The data
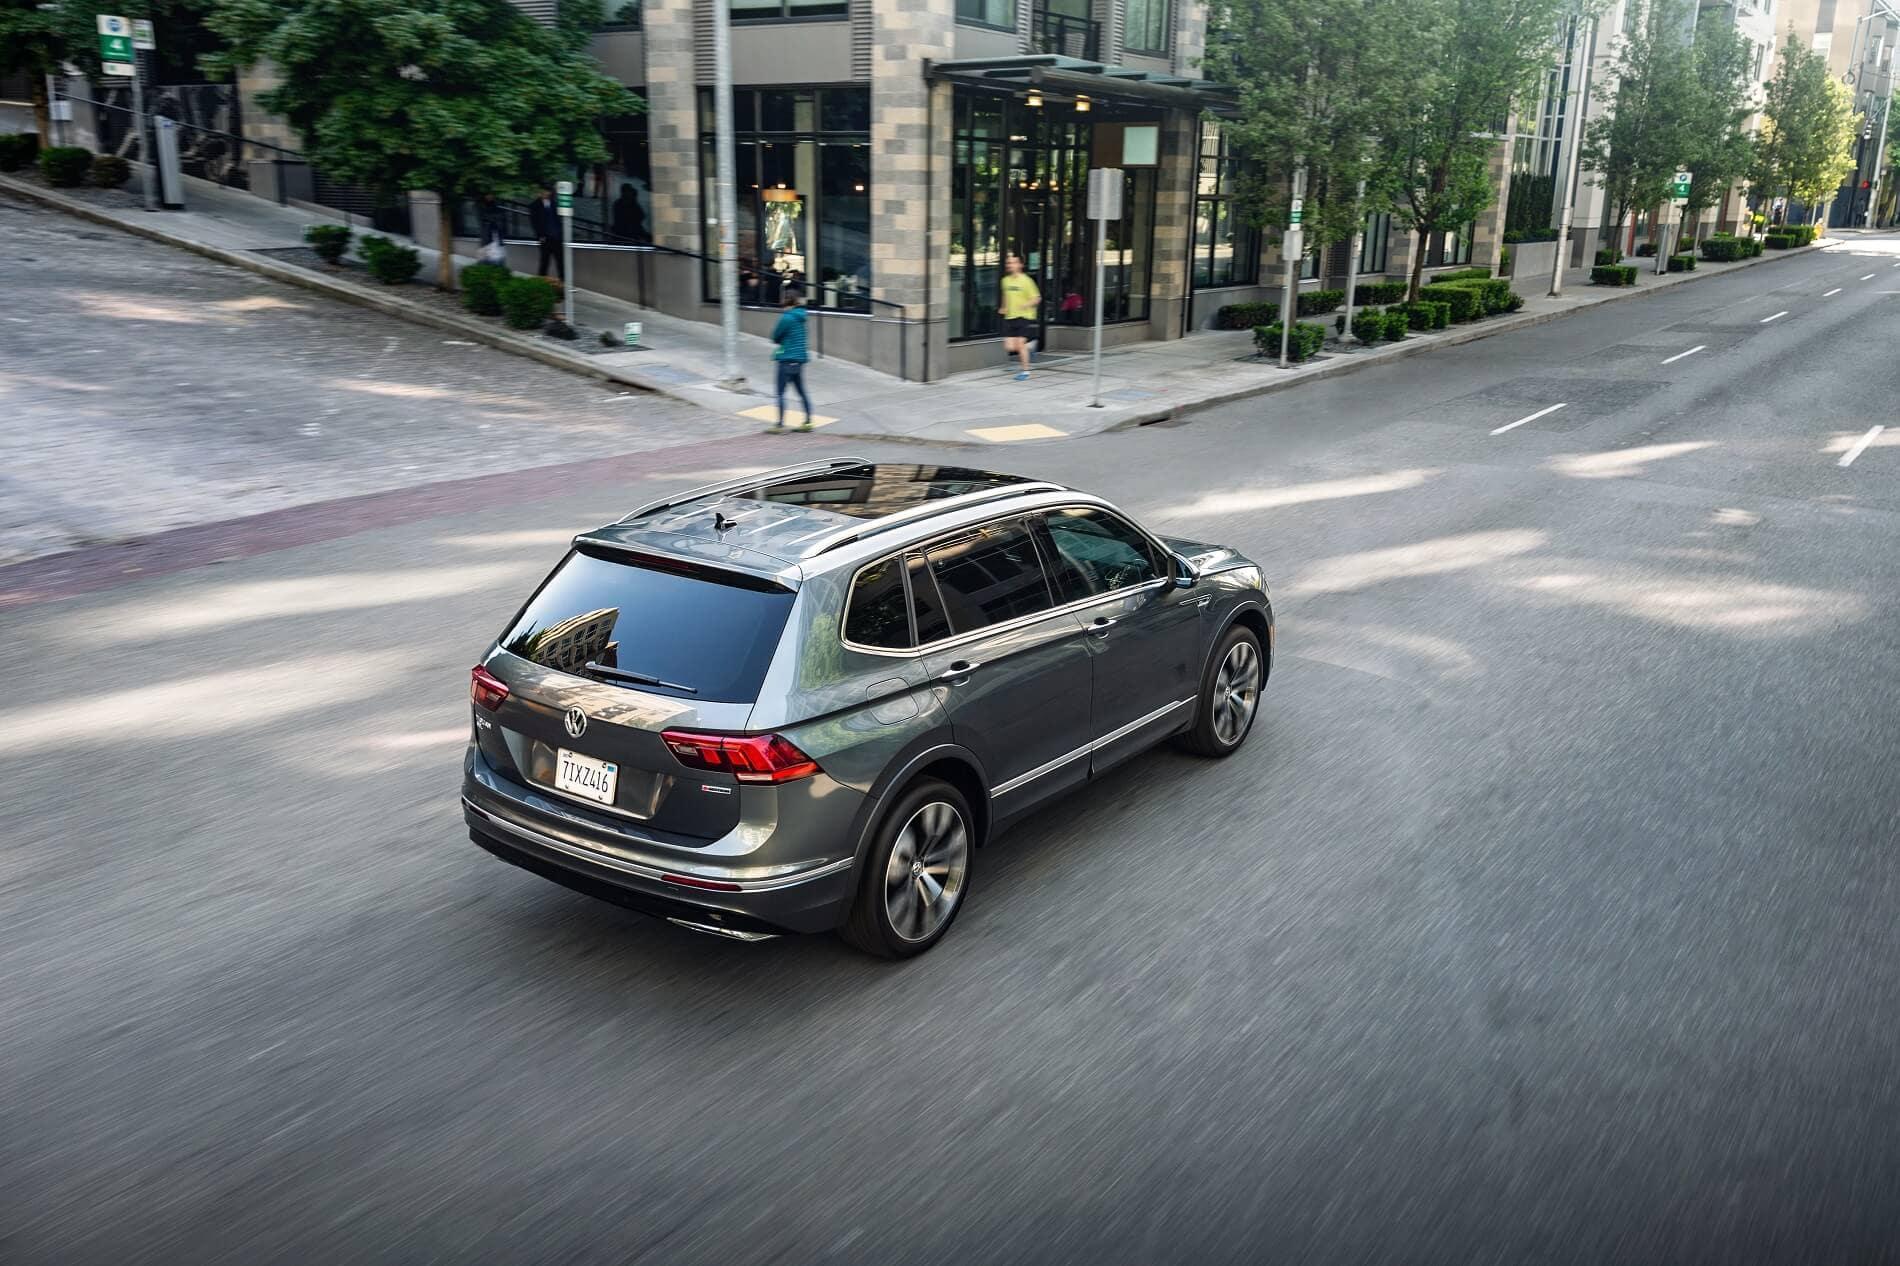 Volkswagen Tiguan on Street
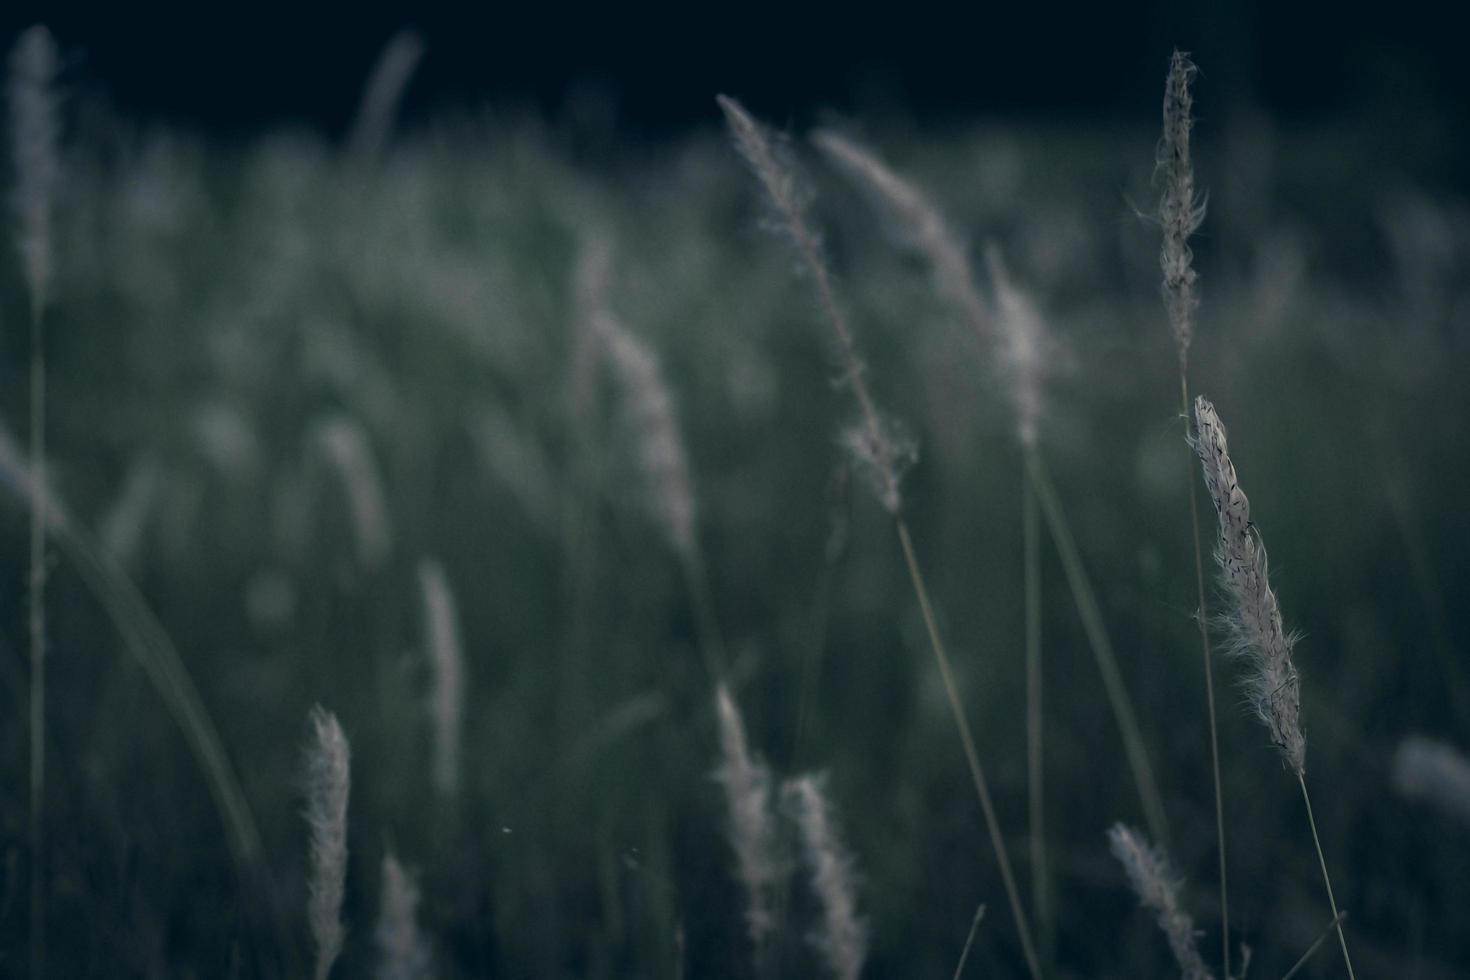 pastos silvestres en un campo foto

* * *

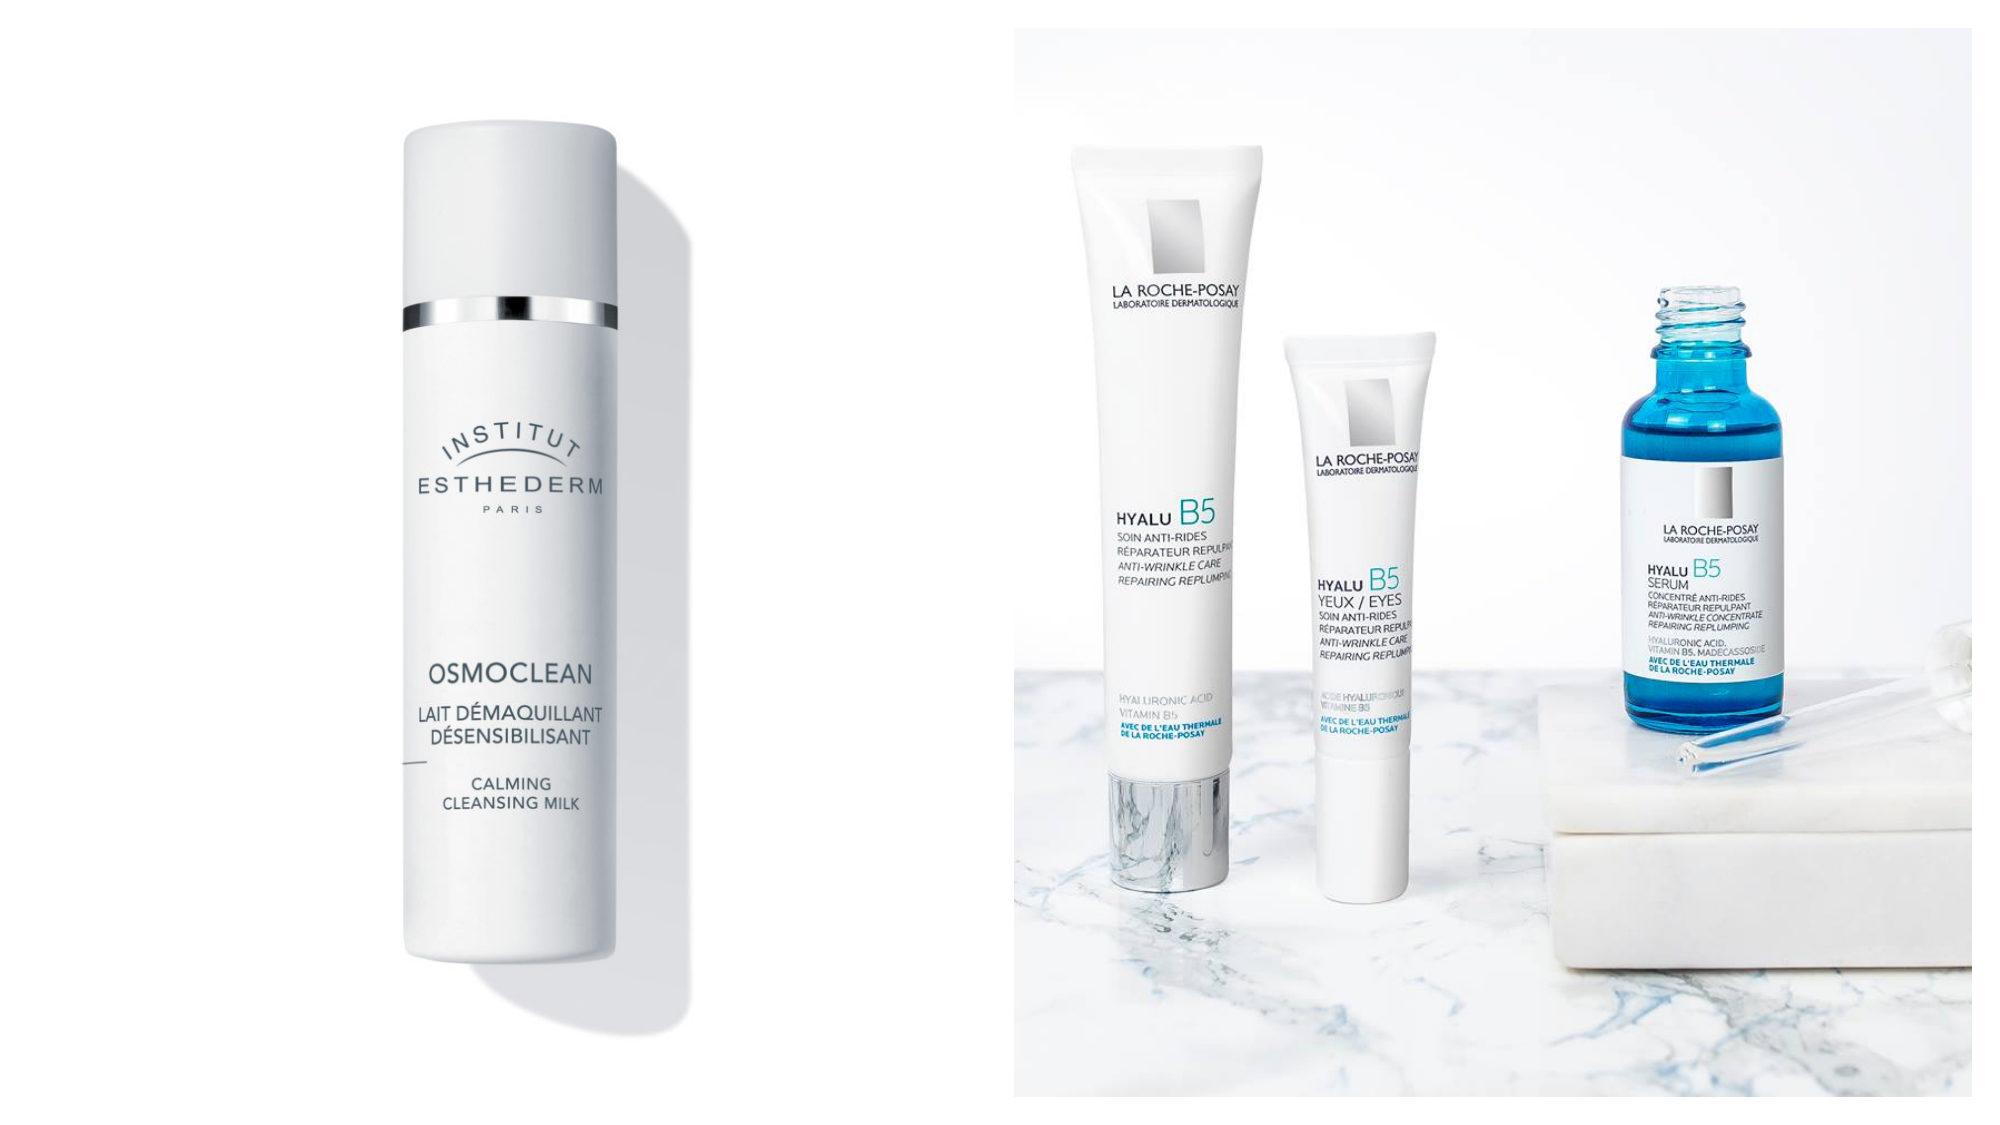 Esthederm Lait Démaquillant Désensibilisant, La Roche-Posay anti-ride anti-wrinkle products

Exercise directions
Retype, exactly and with no pictures, everything above from the line with "Volkswagen Tiguan on Street" down to the line with "pastos silvestres en un campo foto", both included.

Expected output
 Volkswagen Tiguan on Street
 pastos silvestres en un campo foto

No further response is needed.